Posted: Nov 15, 2021 05:15 GMT
Scientists theorized for years about the existence of this mineral, but until now no specimen has been found, since it decomposes into other minerals as it rises towards the Earth’s surface and the pressure decreases.
An international team of scientists published this November 11 in the journal Science a study in which they revealed that they had discovered inside a diamond a mineral never seen before.
Called davemaoita, this mineral is the first example of a perovskite stone, formed by calcium silicate under the high pressure and high temperatures of the Earth’s mantle. Researchers they had hypothesized for years on the existence of davemaoite, which would be an abundant and geochemically important mineral in the depths of our planet. However, until now no specimen had ever been foundas davemaoite breaks down into other minerals as it rises to the surface and the pressure decreases.

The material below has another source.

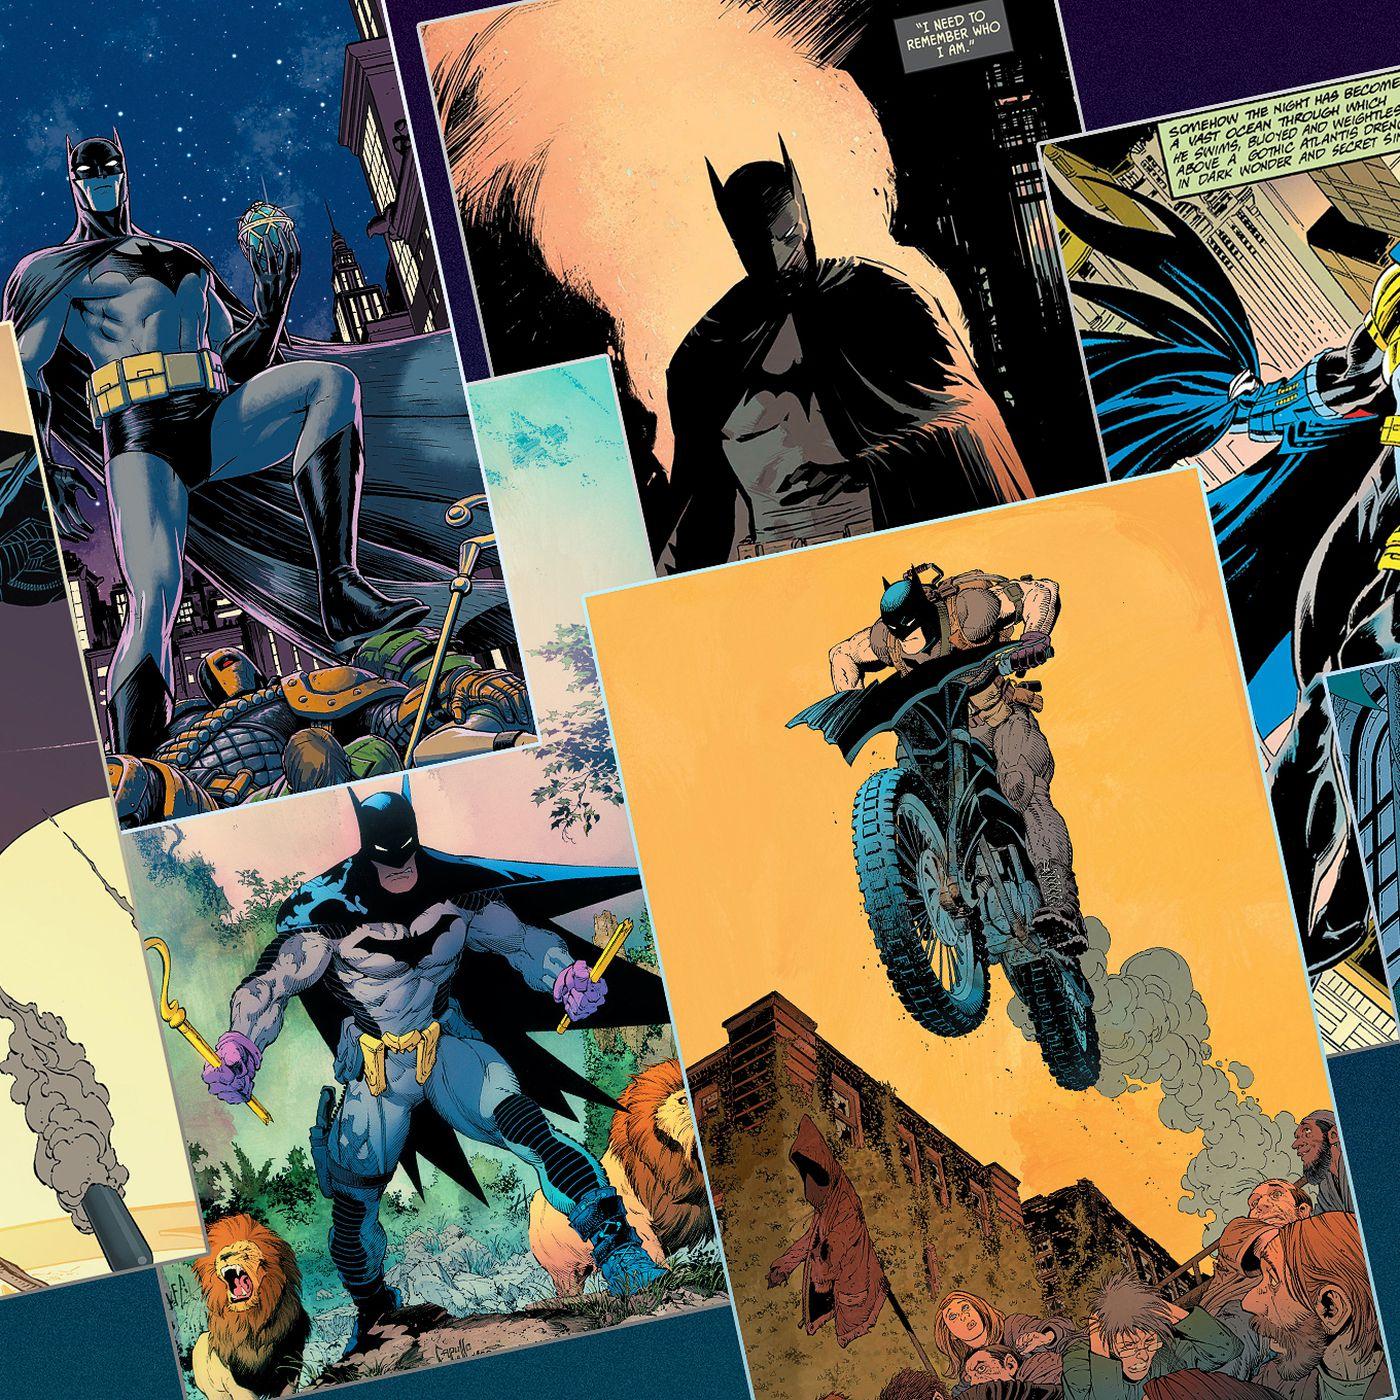 gloves cape REAL black utility belt BATMAN The Dark Knight Rises costume cowl

The study authors analyzed a diamond mined in Botswana that formed in the mantle, about 660 kilometers below the earth’s crust, and found a sample of intact davemaoite trapped inside it, which has led the International Mineralogical Association to confirm davemaoite as a new mineral.
“The davemaoite discovery was a surprise,” Oliver Tschauner, lead author of the study and a mineralogist at the University of Nevada, told Live Science.
Tschauner explained that to find the davemaoite sample, he and his colleagues used a technique known as synchrotron X-ray diffraction, which focuses a high-energy X-ray beam at certain points within the diamond with microscopic precision. By measuring the angle and intensity of the returning light, it is possible to decipher what is inside. The davemaoite sample measured about few micrometers (millionths of a meter), so according to Tschauner, other less powerful sampling techniques would not have detected it.
The scientific community theorizes that davemaoite may contain trace elements such as uranium and thorium, which release heat through radioactive decay. Tschauner pointed out that, due to this property, the mineral could contribute to generating a substantial amount of heat in the Earth’s mantle.
“Tschauner’s work inspires hope in the discovery of other difficult high-pressure phases in nature,” said Yingwei Fe, a geophysicist at the Carnegie Institute of Sciences in Washington DC, who concludes that “such direct sampling of the inaccessible lower mantle would fill our knowledge gap on the chemical composition of the entire mantle of our planet “.